Non ha fatto in tempo a entrare in vigore, il decreto sul meat sounding con il quale il governo francese tenta, dal 2022, di vietare ai prodotti vegetali di utilizzare le denominazioni degli analoghi di carne come burger. Varato a fine febbraio nella sua versione definitiva (dopo un primo stop del Consiglio di stato), sarebbe dovuto entrare in vigore il primo maggio. Ma il Consiglio di stato ha nuovamente bloccato tutto, avanzando due tipi di argomenti che potrebbero rendere di fatto impossibile l’applicazione della normativa, e che potrebbero essere ripresi anche in Italia.
Il decreto sospeso sul meat sounding
Come previsto anche dalla legge approvata dal governo italiano, i francesi avevano varato un decreto che avrebbe obbligato chi produceva carni vegetali in Francia a chiamare i propri prodotti in altro modo, non potendo intervenire su quelli prodotti in altri paesi europei. La pena pecuniaria per chi non si fosse uniformato era stata fissata in 7.500 euro.
Il divieto si estendeva a tutto ciò che era o sarebbe stato ottenuto non solo da piante, ma anche da funghi, o per fermentazione da lieviti: un divieto tombale su tutto ciò che non è carne tradizionale. Nel testo, poi, era esplicitata la lista delle parole tabù, tra le quali bacon, filetto, scaloppina, bistecca, prosciutto, salsiccia e altri. Uniche eccezioni: prodotti ibridi, nei quali la parte vegetale non fosse comunque superiore a una percentuale prefissata, e molto bassa. Per esempio, il bacon non doveva contenerne più dello 0,5%, il filetto più dell’1% e così via.
Che cosa dice il Consiglio di stato
Tuttavia, il Consiglio di stato ha fatto notare che il decreto contraddiceva quanto stabilito dall’Europa, che aveva già affrontato la questione nel 2020, votando per il mantenimento delle attuali denominazioni. Non a caso la questione, al momento, è oggetto di una valutazione specifica da parte della Corte di giustizia europea. Perché, appunto, resta da capire quanto una legge nazionale possa confliggere con quelle europee: e il problema riguarda, anche, la normativa italiana.

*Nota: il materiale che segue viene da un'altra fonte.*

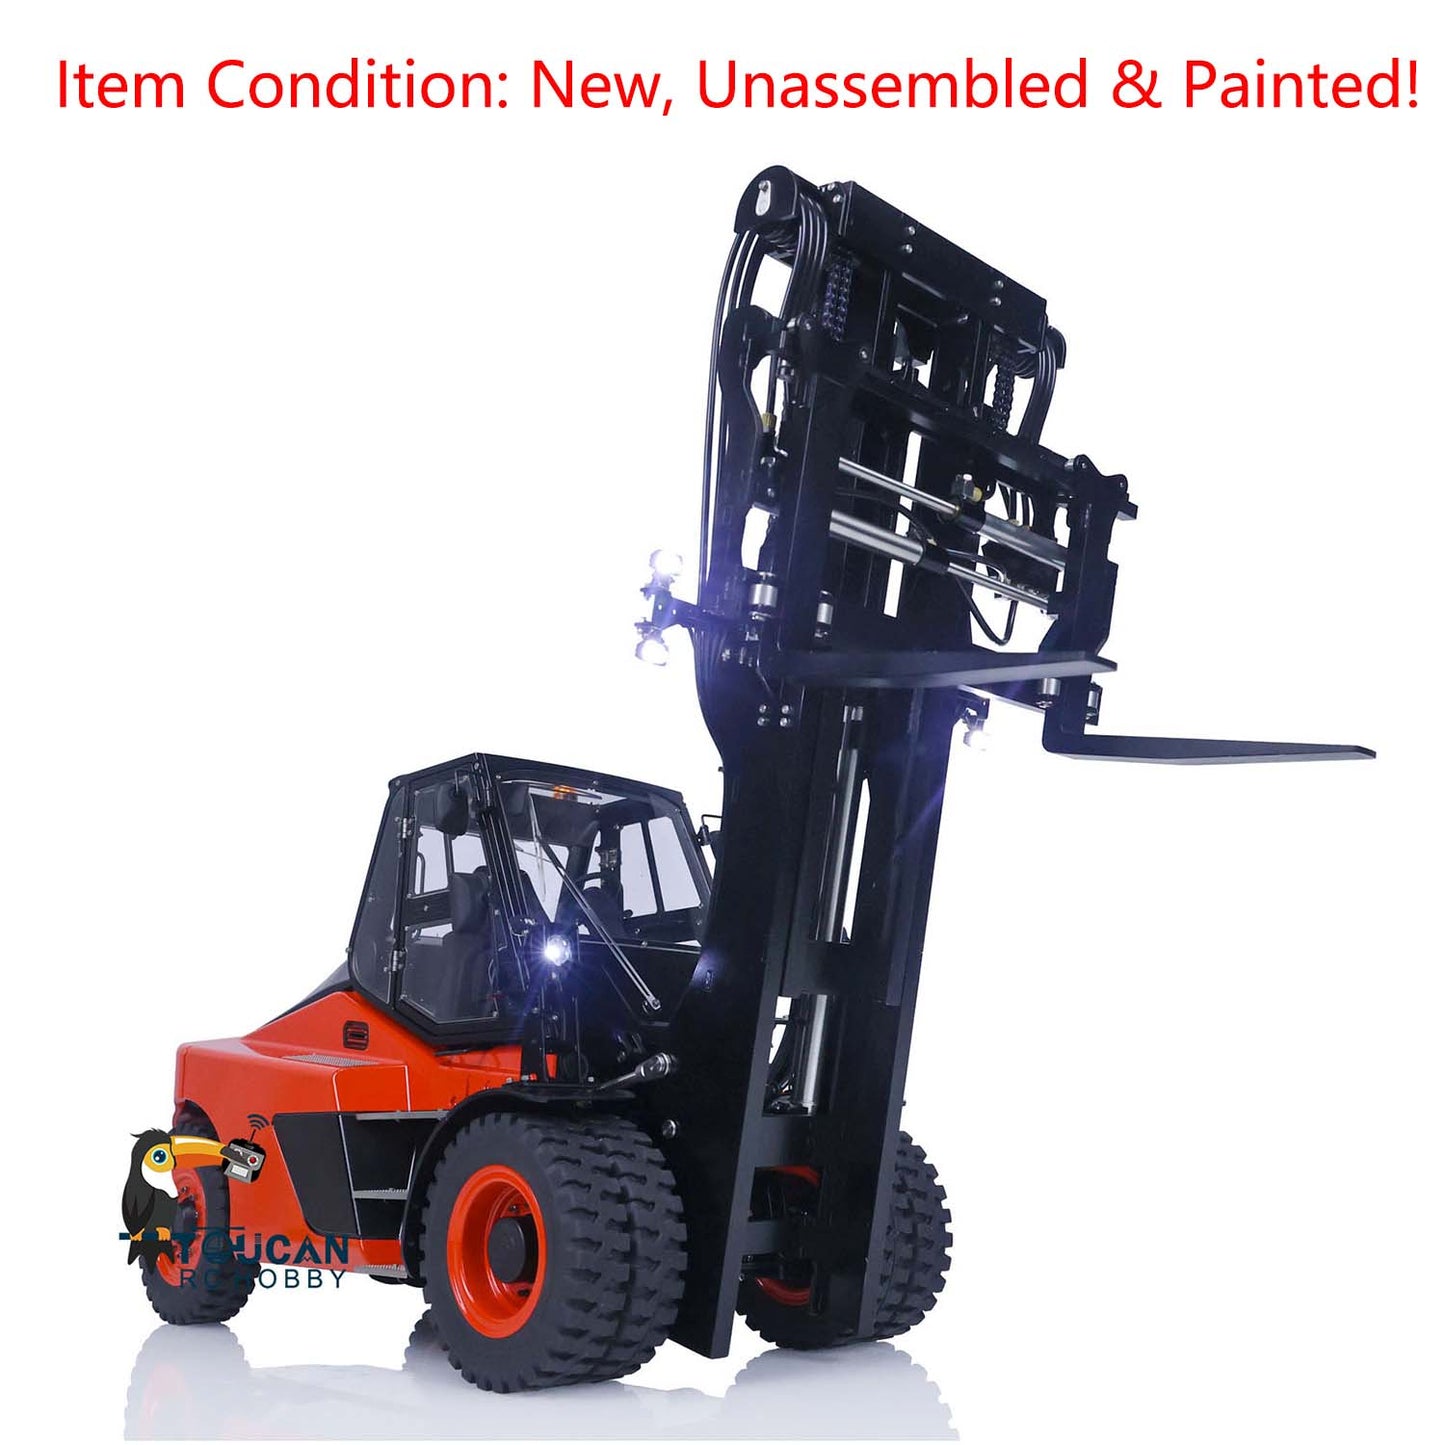 LESU 1/14 RC Front-Wheel Ddrive Hydraulic Painted forklift Model Aoue-LD160S Remote Control Model Light Sound System ESC Servo

Inoltre, il Consiglio di stato ha messo in luce gli effetti sui produttori di carni vegetali, che avrebbero dovuto affrontare spese significative per nuovi packaging con le denominazioni cambiate. E, con ogni probabilità, avrebbero dovuto lanciare nuove campagne pubblicitarie, per far conoscere ai loro clienti i cambiamenti apportati, sperando che questi ultimi restassero fedeli. Una concorrenza sleale e impossibile da sostenere, anche perché tutto si sarebbe dovuto svolgere in tre mesi, costringendo inevitabilmente i più fragili e piccoli a chiudere, o a limitare il numero di prodotti offerti.
Le conseguenze
Di certo, un decreto di questo tipo avrebbe alcune conseguenze inevitabili: aumenterebbe la confusione per i consumatori, che troverebbero nei negozi prodotti molto simili, ma con nomi diversi a seconda del paese nel quale sono realizzati. Inoltre, penalizzerebbe le aziende francesi che producono alimenti vegetali rispetto alle concorrenti europee.

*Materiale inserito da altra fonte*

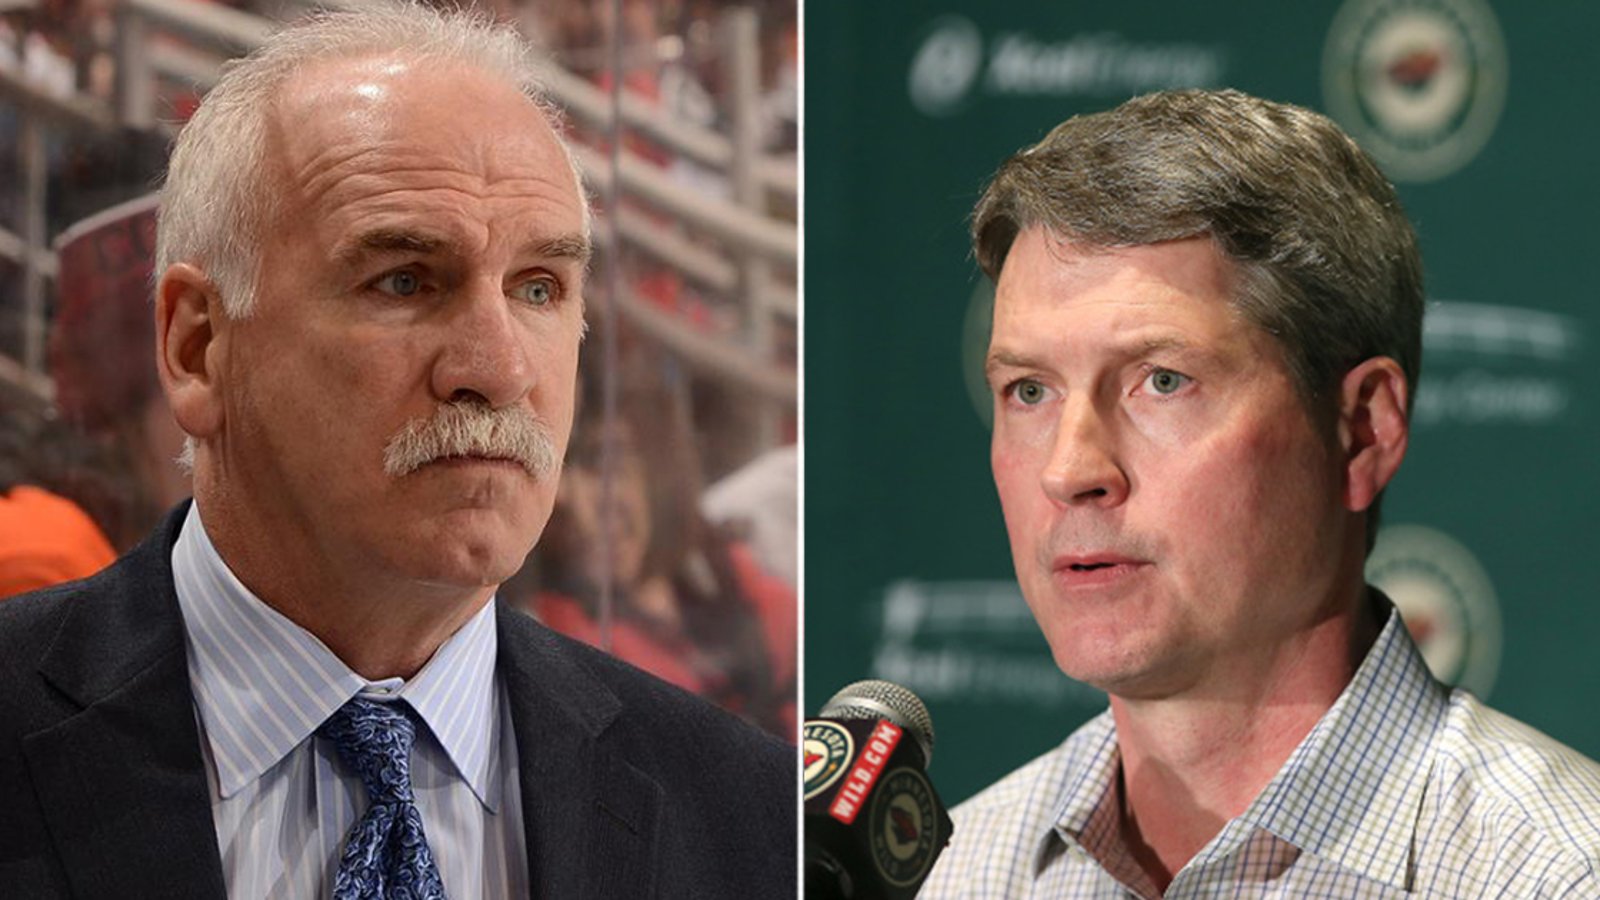 NHL insider reports of a potential double Quenneville/Fletcher hiring in Philly

Per quanto riguarda l’Italia, il Good Food Institute (GFI) ricorda che il Ministro Lollobrigida, durante un intervento alla Camera, aveva dichiarato che la rivalutazione del divieto Italiano di meat sounding si sarebbe basata anche sugli sviluppi francesi. Sarà quindi interessante vedere le prossime mosse del Ministero, anche se sembra evidente che tanto la Francia quanto l’Italia debbano attendere i pronunciamenti europei.

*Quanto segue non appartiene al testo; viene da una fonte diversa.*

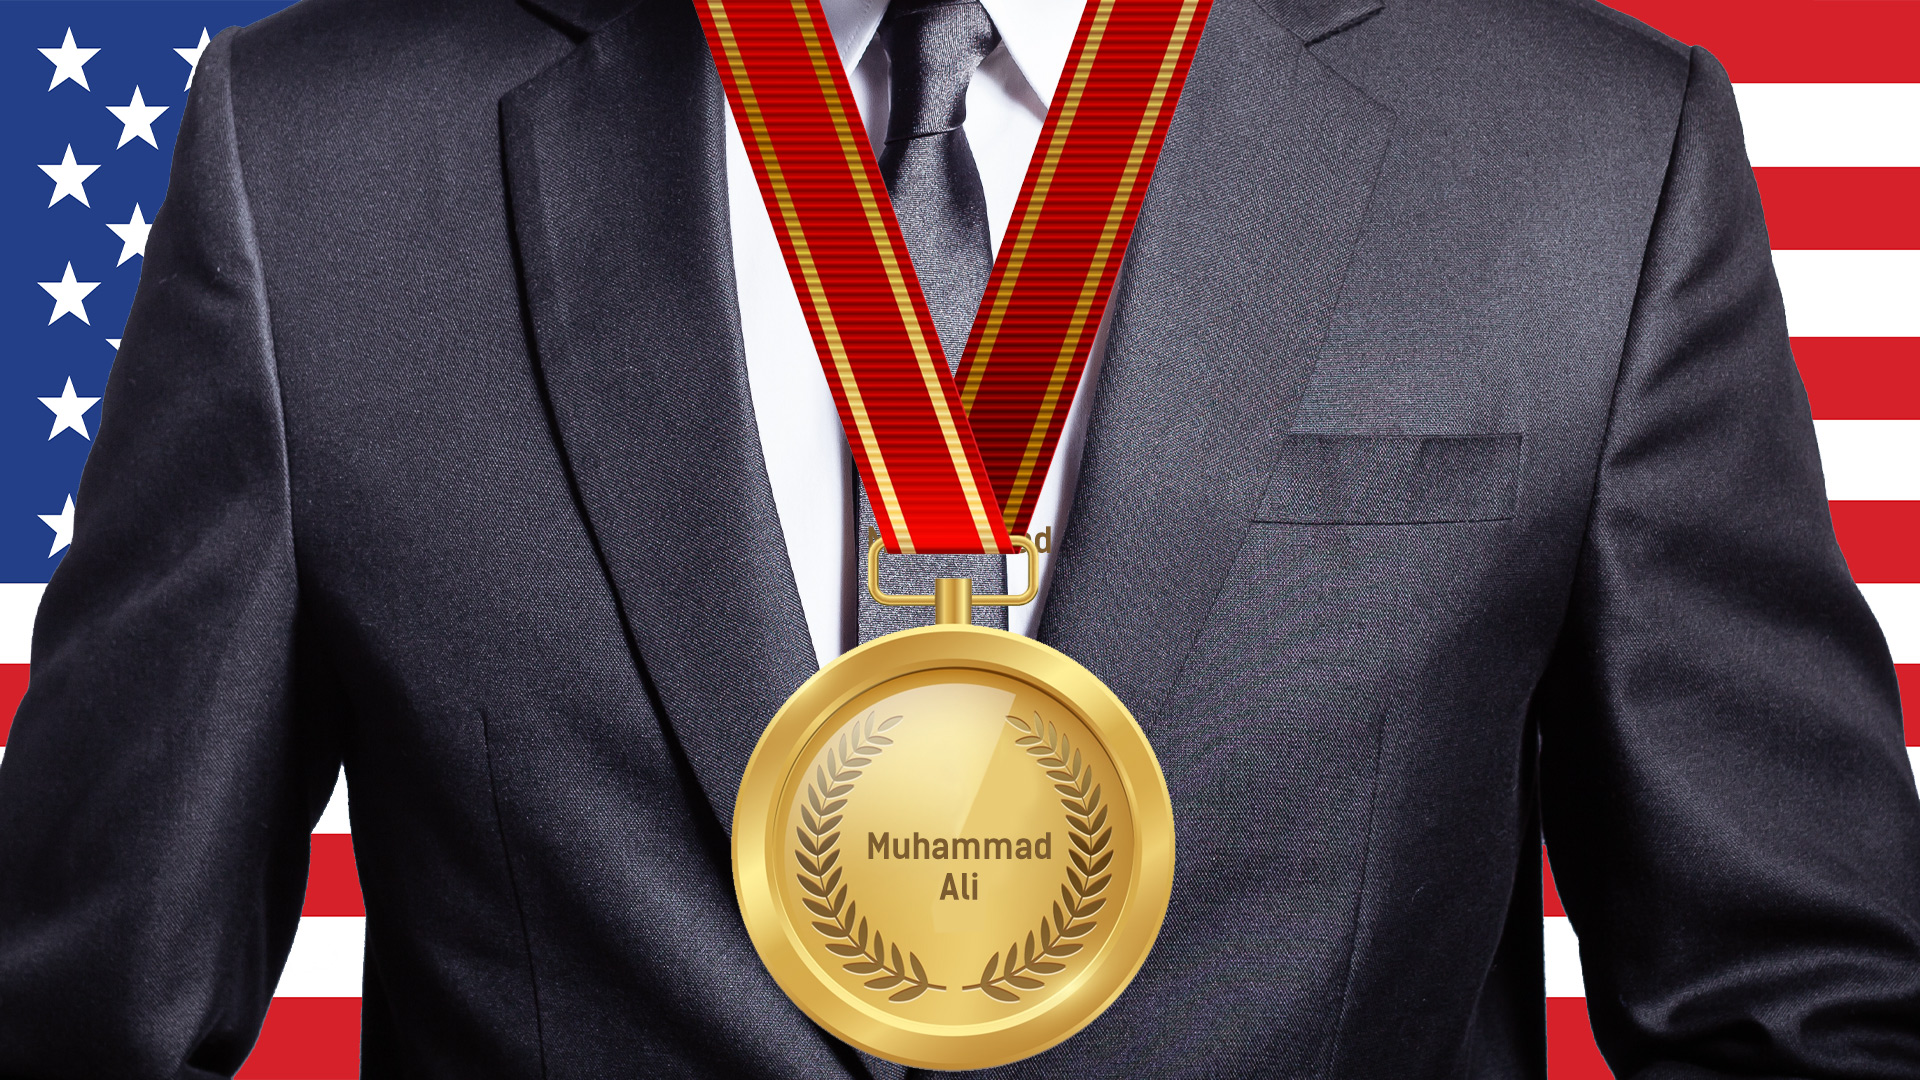 A gold medal featuring the name of Muhammad Ali

Da sola, ancora secondo il GFI, l’Italia rappresenta il terzo mercato europeo per i prodotti a base vegetale, con vendite in crescita del 21% tra il 2020 e il 2022 e un valore stimato di 680,9 milioni di euro. Secondo alcuni sondaggi, poi, oltre la metà di chi acquista carne plant-based diventa consumatore abituale: l’idea che la terminologia possa in qualche modo trarre in inganno i consumatori è priva di fondamento.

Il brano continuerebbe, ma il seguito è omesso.